- [Instructions for the task] If a line in the records below contains the word "design", copy it.

- [Dataset records]
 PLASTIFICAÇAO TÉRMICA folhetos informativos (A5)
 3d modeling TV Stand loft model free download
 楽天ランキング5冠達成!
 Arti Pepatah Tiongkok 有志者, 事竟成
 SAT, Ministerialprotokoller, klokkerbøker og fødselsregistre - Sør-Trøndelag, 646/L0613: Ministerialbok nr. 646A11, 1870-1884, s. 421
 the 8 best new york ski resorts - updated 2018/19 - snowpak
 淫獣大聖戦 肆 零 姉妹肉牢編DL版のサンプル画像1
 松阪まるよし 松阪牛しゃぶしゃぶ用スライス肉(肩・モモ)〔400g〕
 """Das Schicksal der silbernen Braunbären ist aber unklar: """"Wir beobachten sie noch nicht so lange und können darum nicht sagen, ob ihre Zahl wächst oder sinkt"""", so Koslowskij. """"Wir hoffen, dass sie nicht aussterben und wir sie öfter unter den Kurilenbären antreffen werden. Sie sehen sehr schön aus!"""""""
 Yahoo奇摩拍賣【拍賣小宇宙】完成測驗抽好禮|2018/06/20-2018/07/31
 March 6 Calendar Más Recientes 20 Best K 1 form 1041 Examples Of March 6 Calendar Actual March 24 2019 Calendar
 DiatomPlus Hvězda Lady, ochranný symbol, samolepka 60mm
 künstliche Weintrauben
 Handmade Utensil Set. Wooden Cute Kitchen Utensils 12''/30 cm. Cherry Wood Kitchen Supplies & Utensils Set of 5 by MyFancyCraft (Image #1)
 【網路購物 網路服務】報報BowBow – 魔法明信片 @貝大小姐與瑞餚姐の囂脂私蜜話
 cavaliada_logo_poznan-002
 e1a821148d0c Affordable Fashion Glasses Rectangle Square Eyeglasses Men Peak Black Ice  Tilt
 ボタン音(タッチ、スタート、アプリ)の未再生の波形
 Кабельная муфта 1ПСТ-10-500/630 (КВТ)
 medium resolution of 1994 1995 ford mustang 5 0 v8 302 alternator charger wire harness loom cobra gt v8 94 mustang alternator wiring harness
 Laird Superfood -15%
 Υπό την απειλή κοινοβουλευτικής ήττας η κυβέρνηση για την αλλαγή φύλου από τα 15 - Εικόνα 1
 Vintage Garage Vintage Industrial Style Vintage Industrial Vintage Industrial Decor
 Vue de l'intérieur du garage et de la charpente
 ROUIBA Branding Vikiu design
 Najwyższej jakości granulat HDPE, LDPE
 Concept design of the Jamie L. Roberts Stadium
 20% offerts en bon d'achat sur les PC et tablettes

- [Task answer]
 ROUIBA Branding Vikiu design
 Concept design of the Jamie L. Roberts Stadium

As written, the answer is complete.